Оберштурмбаннфюрер постучал пальцами по столу, снова зависнув на полуслове. Какая-то маниакальная страсть у человека к театральщине.
— Казалось бы, дела давно минувших дней. СА разгромлено, Рём мертв, порядок восстановлен. — Продолжил он, наконец, — Но старые обиды не забываются. Мы получаем сигналы, что некоторые бывшие штурмовики, недовольные своим нынешним положением, ветераны движения, чувствующие себя обделенными, снова поднимают голову. Собираются тайно, ведут опасные разговоры, вспоминают «старые добрые времена». Ностальгия по власти и влиянию, знаете ли. И есть основания полагать, что фрау Марта, под маской скорбящей матери и добропорядочной немки, является одной из связующих фигур в этой среде. Возможно, даже организатором их тайных встреч. Ее дом — удобное место для конспирации. Тем более, нет ведь ничего странного, если старые друзья сына проведывают скорбящую мать.

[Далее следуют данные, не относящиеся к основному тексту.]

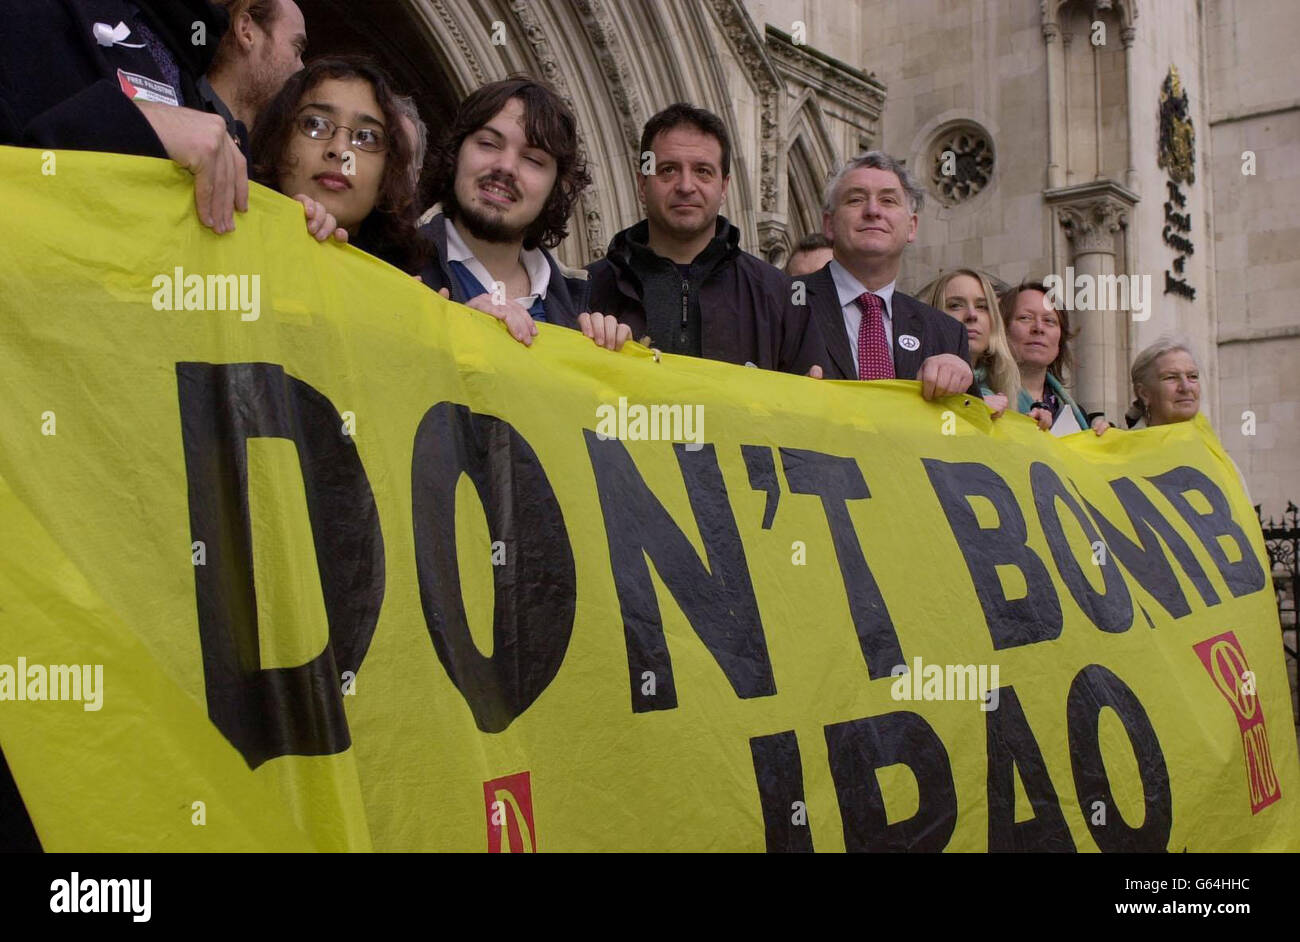 Comedian and CND supporter Mark Thomas (centre) joins a group of fellow protesters outside the Royal Courts of Justice in central London, as lawyers for the peace campaign group launch a legal bid to block any action against Iraq by the UK. * The group is seeking an urgent ruling that no action can lawfully be taken against the country without the UN Security Council first passing a fresh resolution clearly authorising the use of force. Stock Photo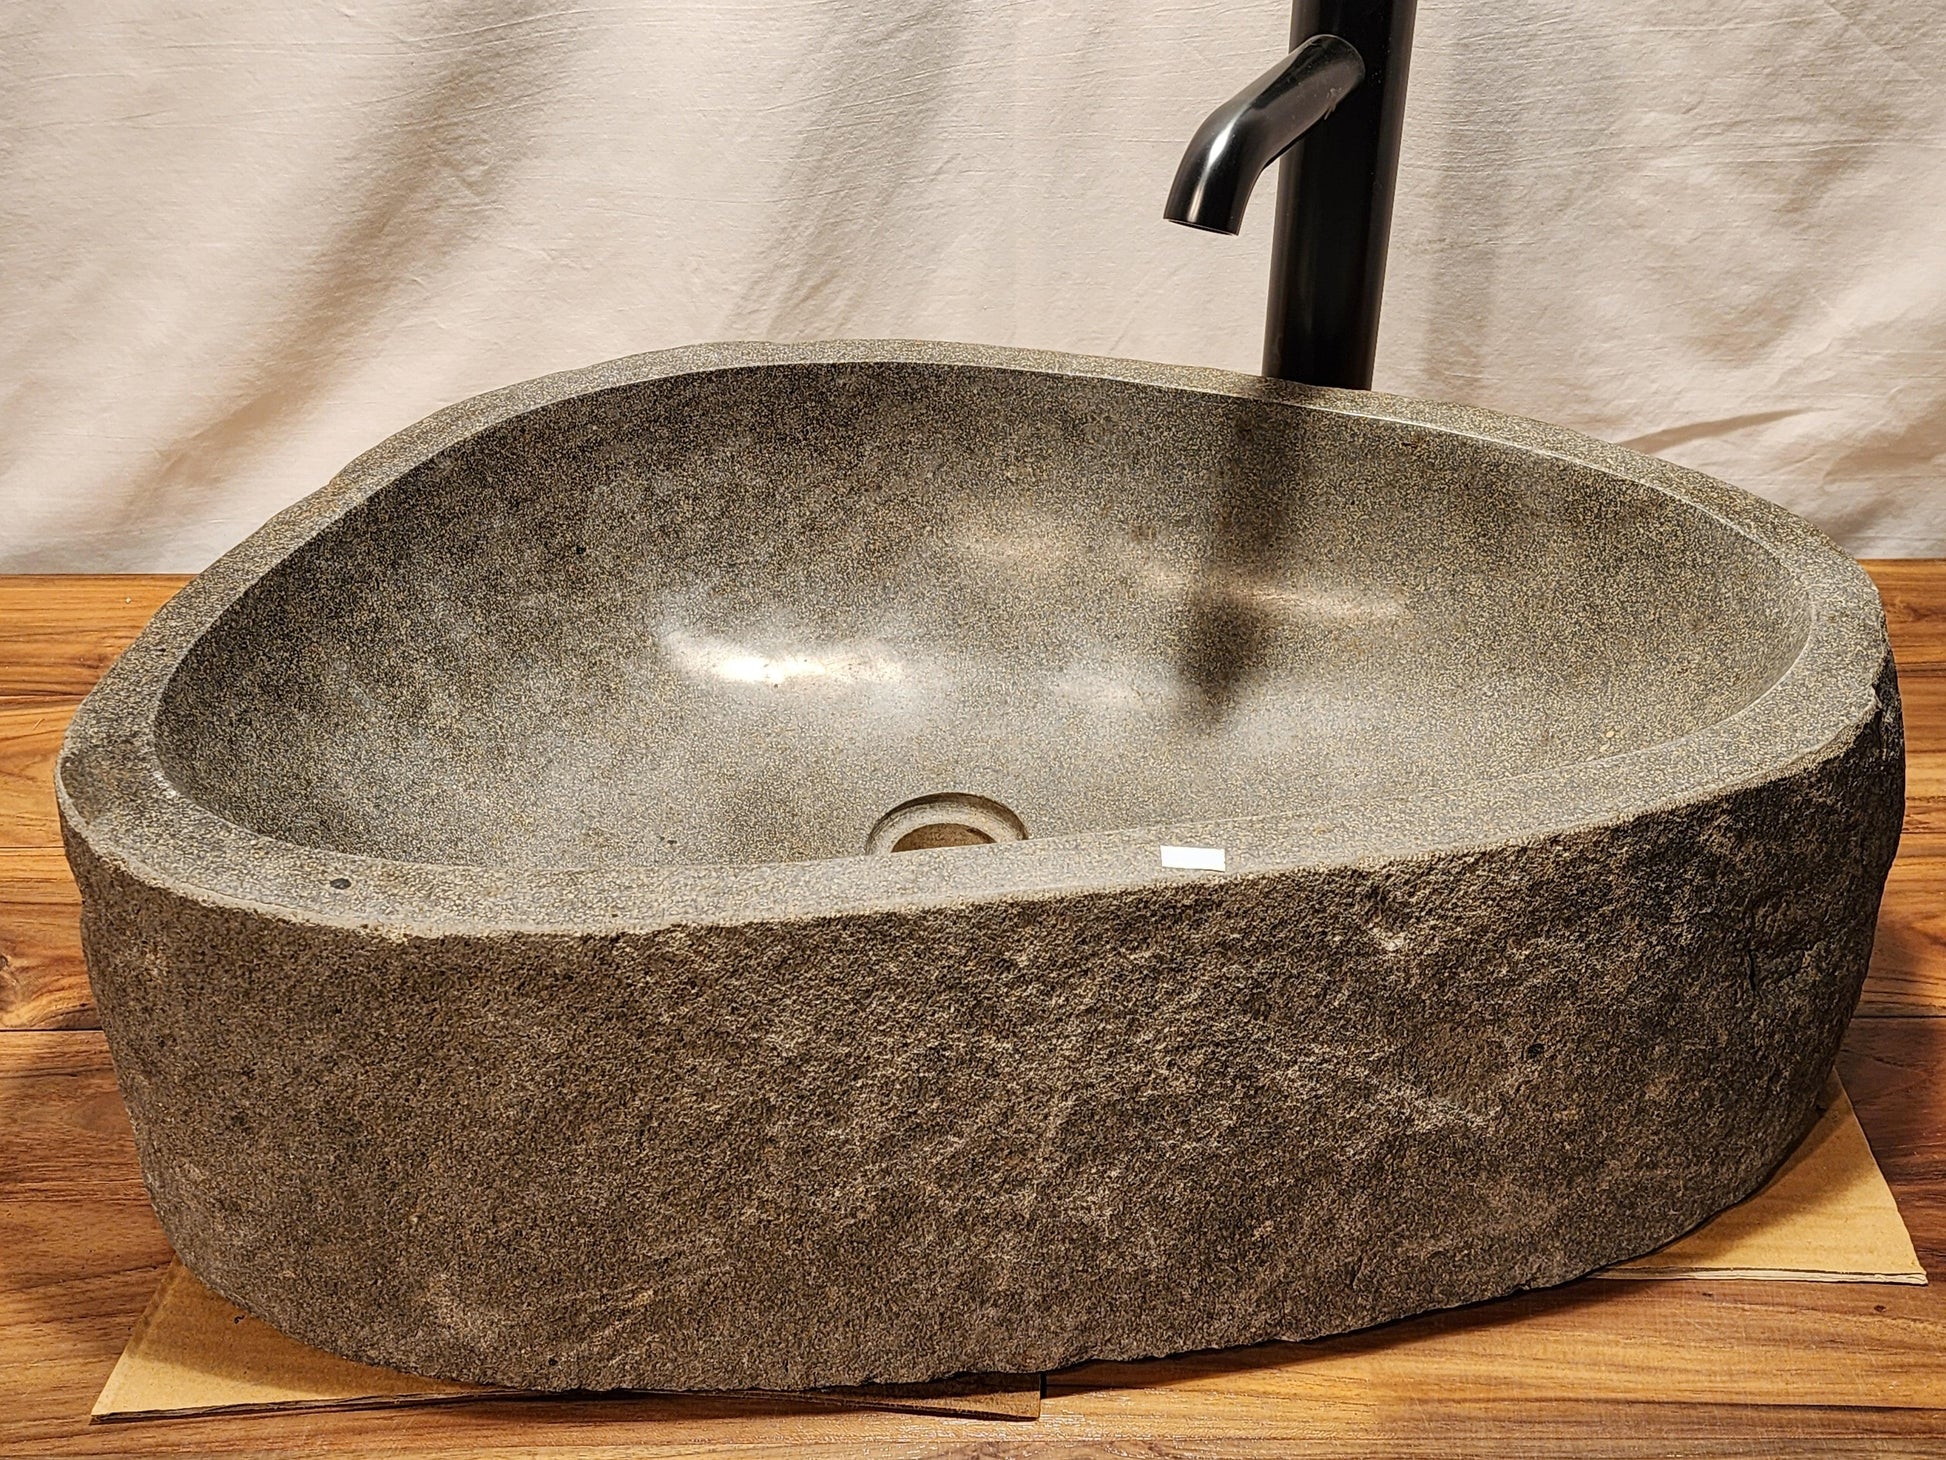 Andesite Natural Stone Vessel Sink, AND5 - Impact Imports

Мюллер посмотрел мне прямо в глаза.
— Поэтому, герр Витцке, помимо основной задачи — обосноваться в кругах интеллигенции — вам предстоит присматривать и за своей хозяйкой. Это будет ваше первое, так сказать, полевое задание на новом месте. Слушайте внимательно, наблюдайте за ее гостями, ее передвижениями, ее перепиской, если представится возможность. Любая мелочь может быть важна. Враги Рейха могут скрываться под самой безобидной личиной, даже личиной пожилой вдовы, оплакивающей сына-«героя».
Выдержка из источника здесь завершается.